Literate programming is a programming paradigm introduced by Donald Knuth in which a program is combined with its documentation to form a single document. Tools are then used to extract the documentation for viewing or typesetting or to extract the program code so it can be compiled and/or run. While I have never been very enthusiastic about literate programming as a development methodology, I was recently inspired to explore these ideas as they relate to the sort of technical writing I do for this blog.

My previous post was about OVN and DHCP. While I had tested out configuration in question prior to writing the article, I introduced some code changes in the article without testing them, and that resulted in some dumb errors.

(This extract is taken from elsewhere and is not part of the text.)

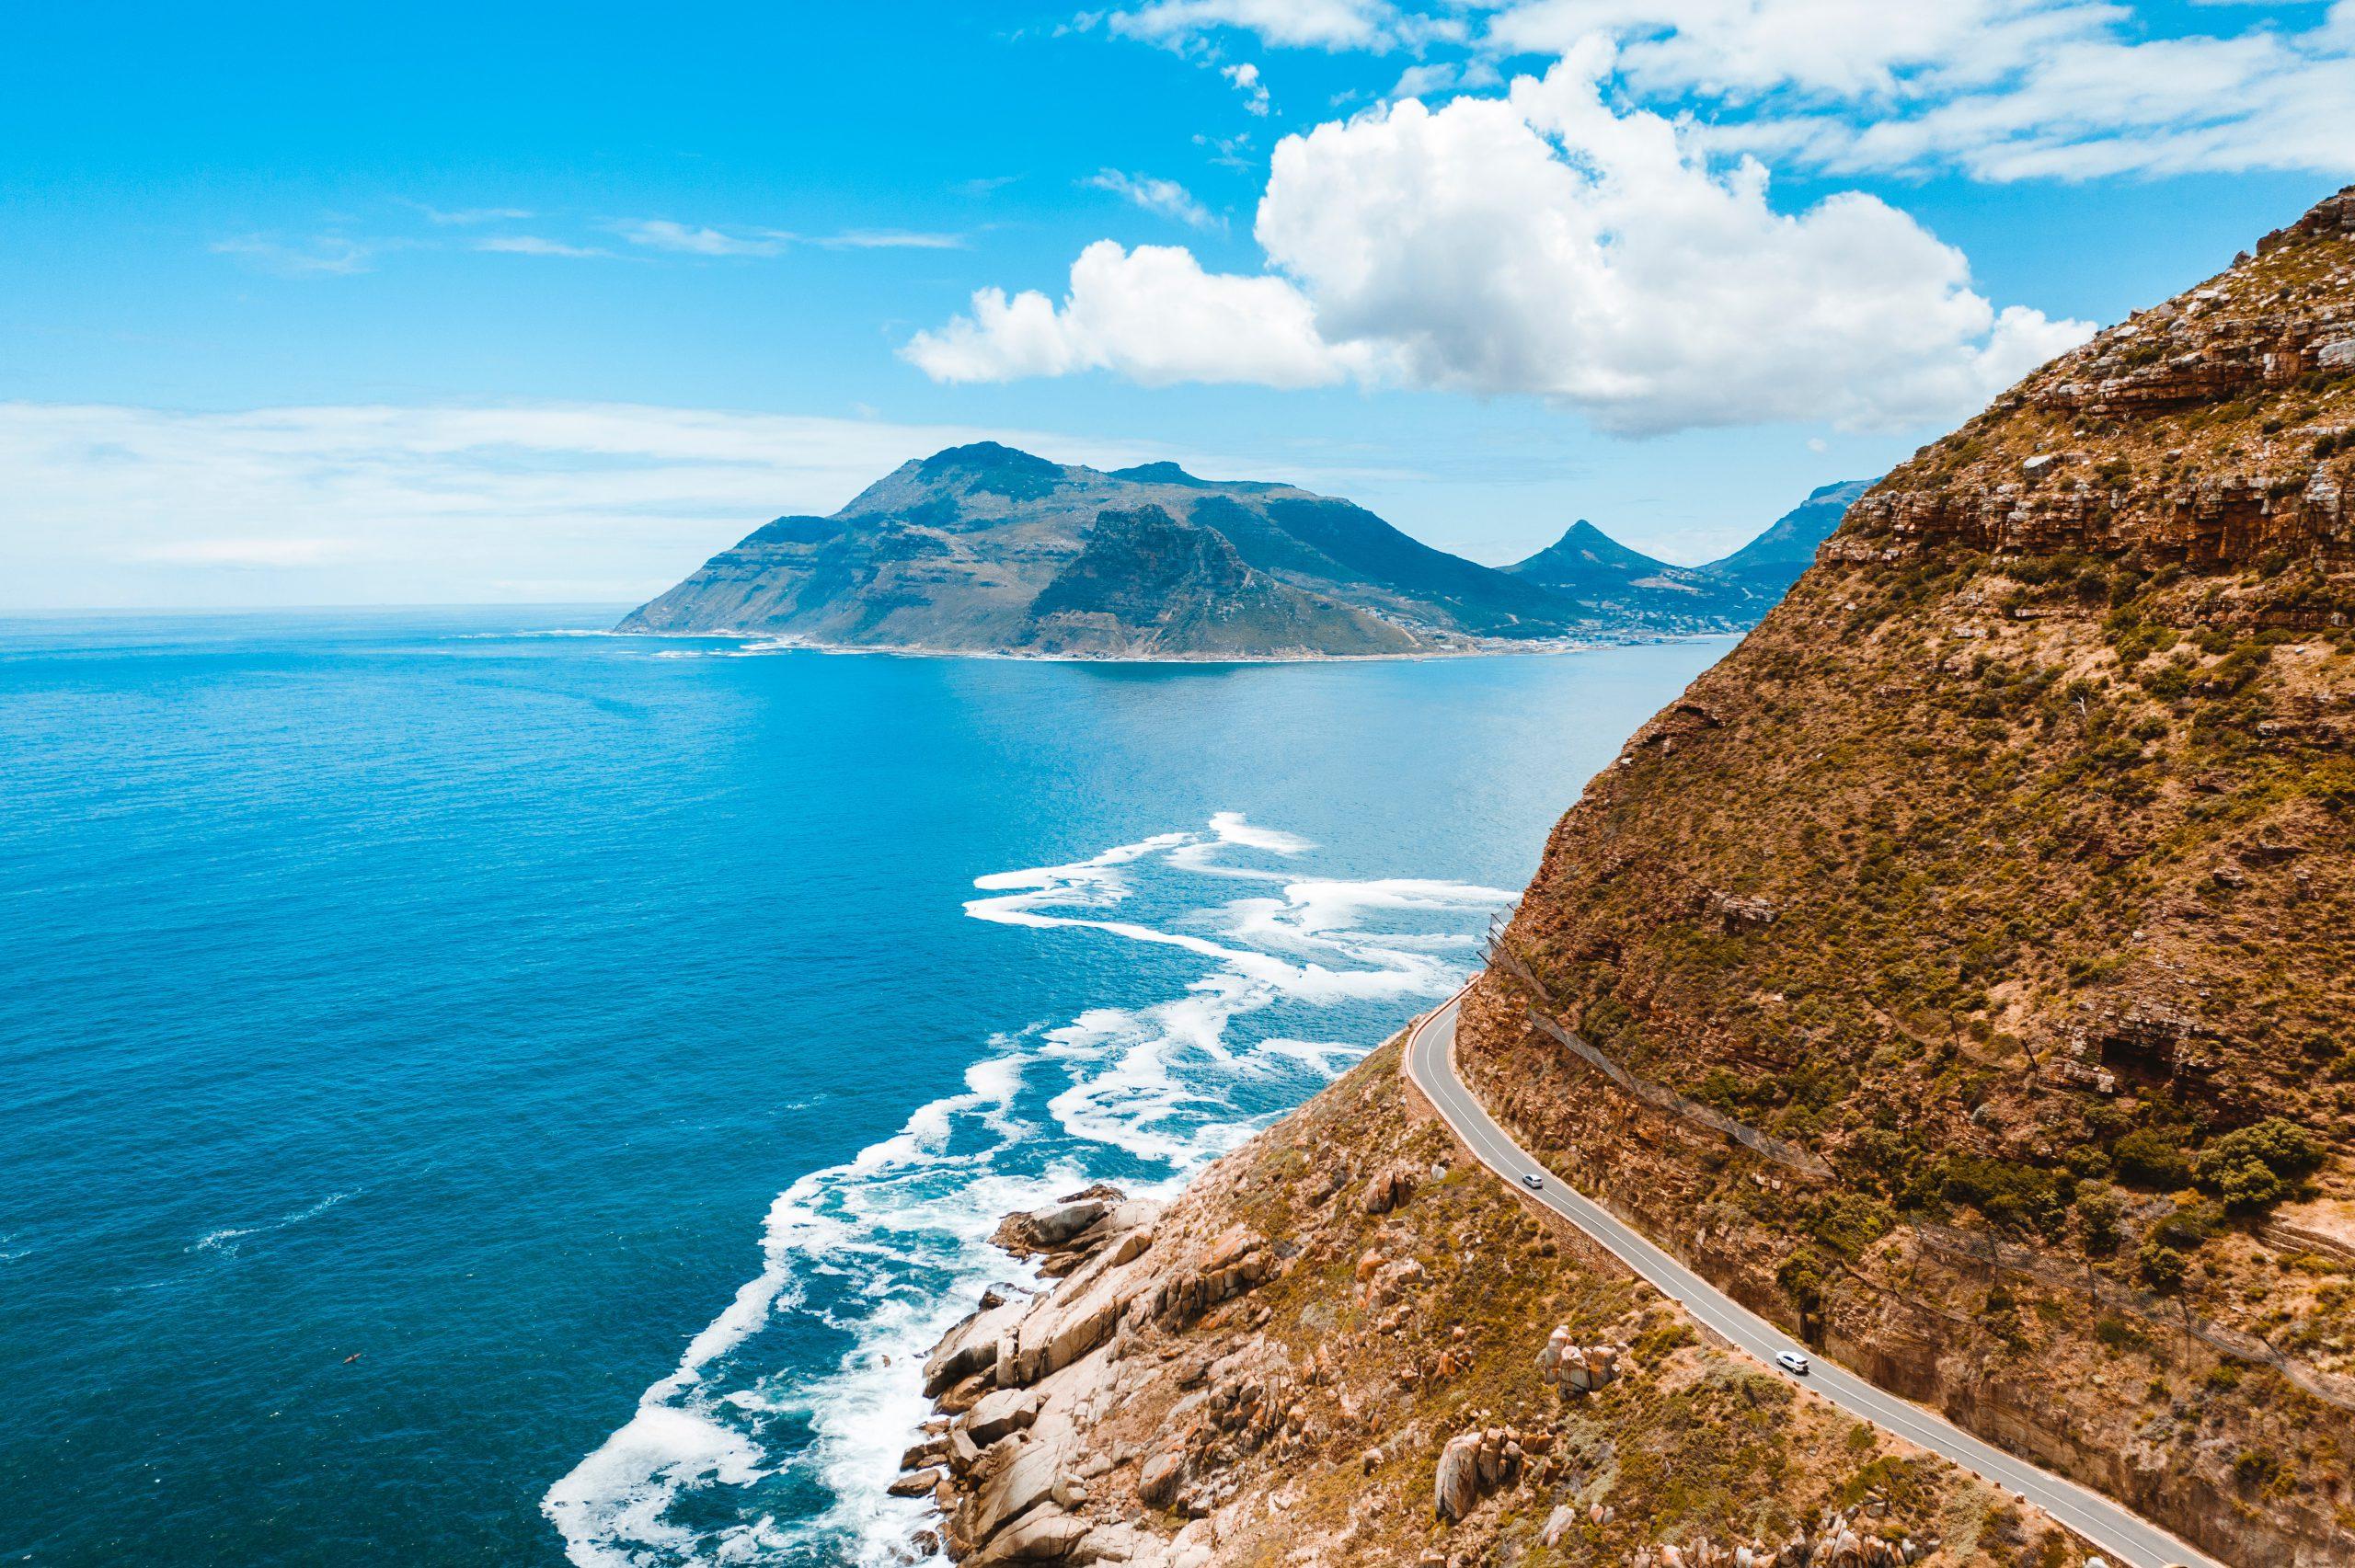 Chapman's Peak in South Africa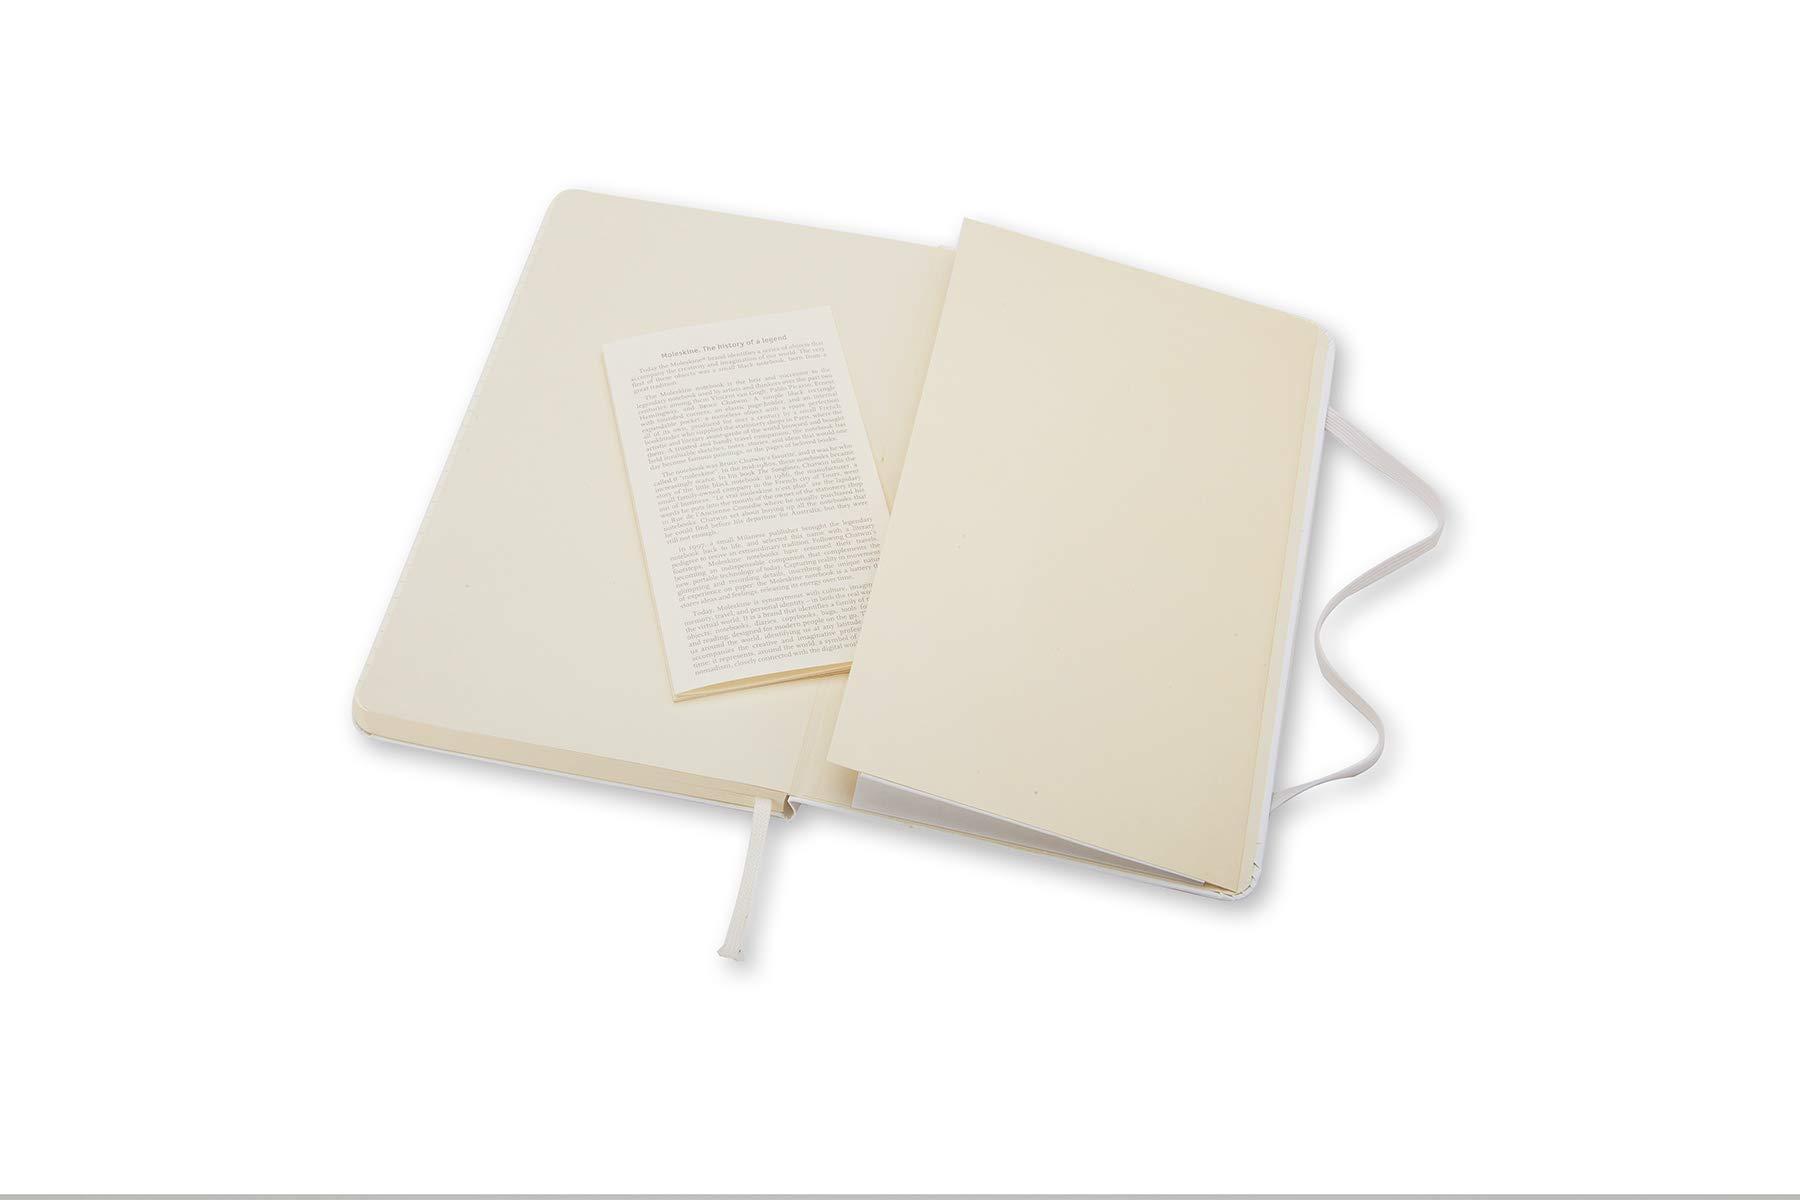 Moleskine Classic Notebook, Hard Cover, Large (5'' x 8.25'') Ruled/Lined, White by Moleskine (Image #5)

It occurred to me that some of the same tooling that had been designed for literate programming may offer a mechanism by which I could extract and test code in my blog posts to ensure that the code I was presenting operates as described.

Unfortunately, many of the existing literate programming tools weren’t going to work out. Several of them assume you want to write documentation in LaTeX. Others are designed primarily for a particular programming language, and just about all of them use syntax that doesn’t really play well with Markdown documents. The tool that came closest was lmt, but that tool only addresses the “tangling” aspect of document processing (extracting code), whereas I explicitly want the ability to exclude some code from the finished documentation, which requires support for “weaving” (documentation extraction).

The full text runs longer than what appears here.